Llevaba 25 años viviendo allí junto a su cuarta y última esposa, Oona O’Neill. Fue enterrado el 27 de diciembre en el cementerio de la localidad, en una ceremonia íntima, bajo un torrencial aguacero. Curiosamente, la imagen de la lluvia en los funerales, tan típica en el cine, ocurrió en la vida real, lo que le dio un toque dramático a su despedida.

Así se bajó el telón de la vida de un gigante, el creador de Charlot, el eterno vagabundo.

Pero meses después ocurrió algo que parece sacado del guion de una de sus películas.

En la madrugada del 2 de marzo de 1978, su tumba fue profanada. El ataúd había desaparecido. "La tumba está vacía", dijo el portavoz de la policía. No había nada más que explicar: la fosa abierta con la tierra removida a un lado.

Todos estaban consternados. En la casa, uno de los empleados lo resumió mejor que nadie: "Lady Chaplin está conmocionada. Todos lo estamos. ¿Por qué tiene que sucederle esto a un hombre que le dio tanto al mundo?". De inmediato la policía suiza inició una investigación a gran escala con la ayuda de Interpol.

No tardaron en aparecer teorías, cada una más extraña que la anterior.

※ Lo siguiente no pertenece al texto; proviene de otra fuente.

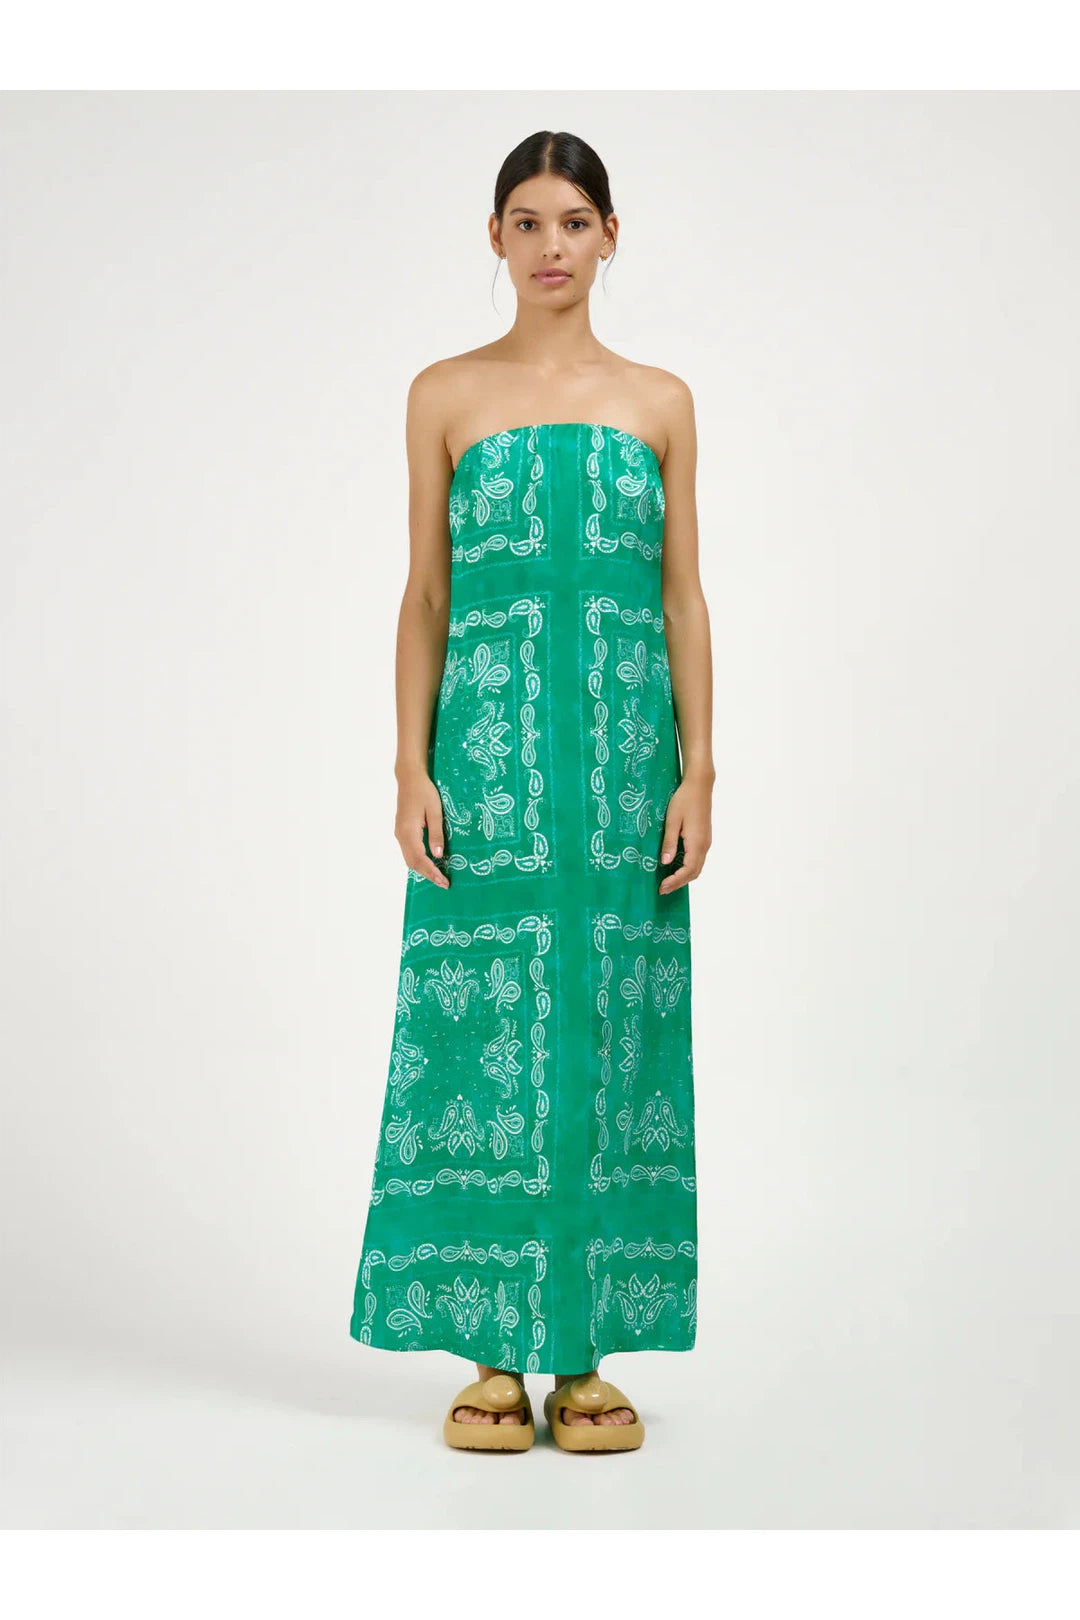 Amazon dress, Bandana

Unos decían que se trataba de un grupo pronazi, en venganza por haber ridiculizado a Hitler en la película El gran dictador. Otros acusaban a las Brigadas Rojas de buscar publicidad para su causa. Y no faltaron quienes decían que se trataba de fanáticos del actor, empeñados en ubicarlo en un mausoleo "más digno".

Días después, su viuda comenzó a recibir llamadas telefónicas anónimas, en las que le pedían 600 mil francos suizos, medio millón de euros al cambio de hoy, para devolver el cadáver. Ella se negó a pagar el rescate, diciendo que el propio Chaplin "habría considerado esto muy ridículo". A pesar de esto, las llamadas no cesaron e incluso hicieron una rebaja al monto del rescate: 500 mil francos suizos.

Se organizó entonces una entrega ficticia del dinero. Tras el arreglo de pago, la noche indicada, el mayordomo de la casa, Giuliano Canese, salió conduciendo el Rolls-Royce familiar, llevando un maletín con el supuesto dinero del rescate. Pero el plan terminó en fracaso, por algo completamente inverosímil: el cartero del pueblo reconoció el Rolls de Chaplin y, al ver que al volante del vehículo no estaba Renato, el chofer de la familia, sino un desconocido, siguió el auto. La policía pensó que se trataba de uno de los secuestradores y lo detuvo. Pero cuando todo se aclaró, ya se había perdido la oportunidad de capturar a los delincuentes.

Dada la inexperiencia en esta clase de delitos, los secuestradores volvieron a llamar y fijaron una nueva fecha y forma del rescate. Sería el 17 de mayo de 1978. Para entonces, la policía, con mucha precisión, como sus famosos relojes suizos, había puesto en vigilancia cada una de las doscientas cabinas telefónicas de la zona.

Detuvieron a Roman Wardas, un polaco de 24 años, y a su cómplice Gantscho Ganeve, un búlgaro de 38 años, ambos mecánicos de carros, que estaban sin trabajo, sin dinero y el afán de lucro los llevó a cometer este delito.

El ataúd había sido enterrado en una zona agrícola, en Noville, en el costado oriental del lago Léman, en la frontera entre Suiza y Francia. Habían dejado algunas huellas para ubicar el sitio, pero las lluvias de la primavera habían borrado todas las marcas. Por eso la policía tuvo que utilizar detectores de metales para encontrarlo. Finalmente lo lograron gracias a las asas metálicas del ataúd.

Wardas fue condenado a cuatro años y medio de trabajos forzados, y Ganeve tuvo una sentencia de 18 meses de cárcel.

El cuerpo de Charlie Chaplin fue finalmente enterrado en el mismo cementerio de Corsier-sur-Vevey, en una ceremonia muy íntima, el 23 de mayo de 1978, esta vez, bajo una gruesa capa de hormigón para evitar futuros robos.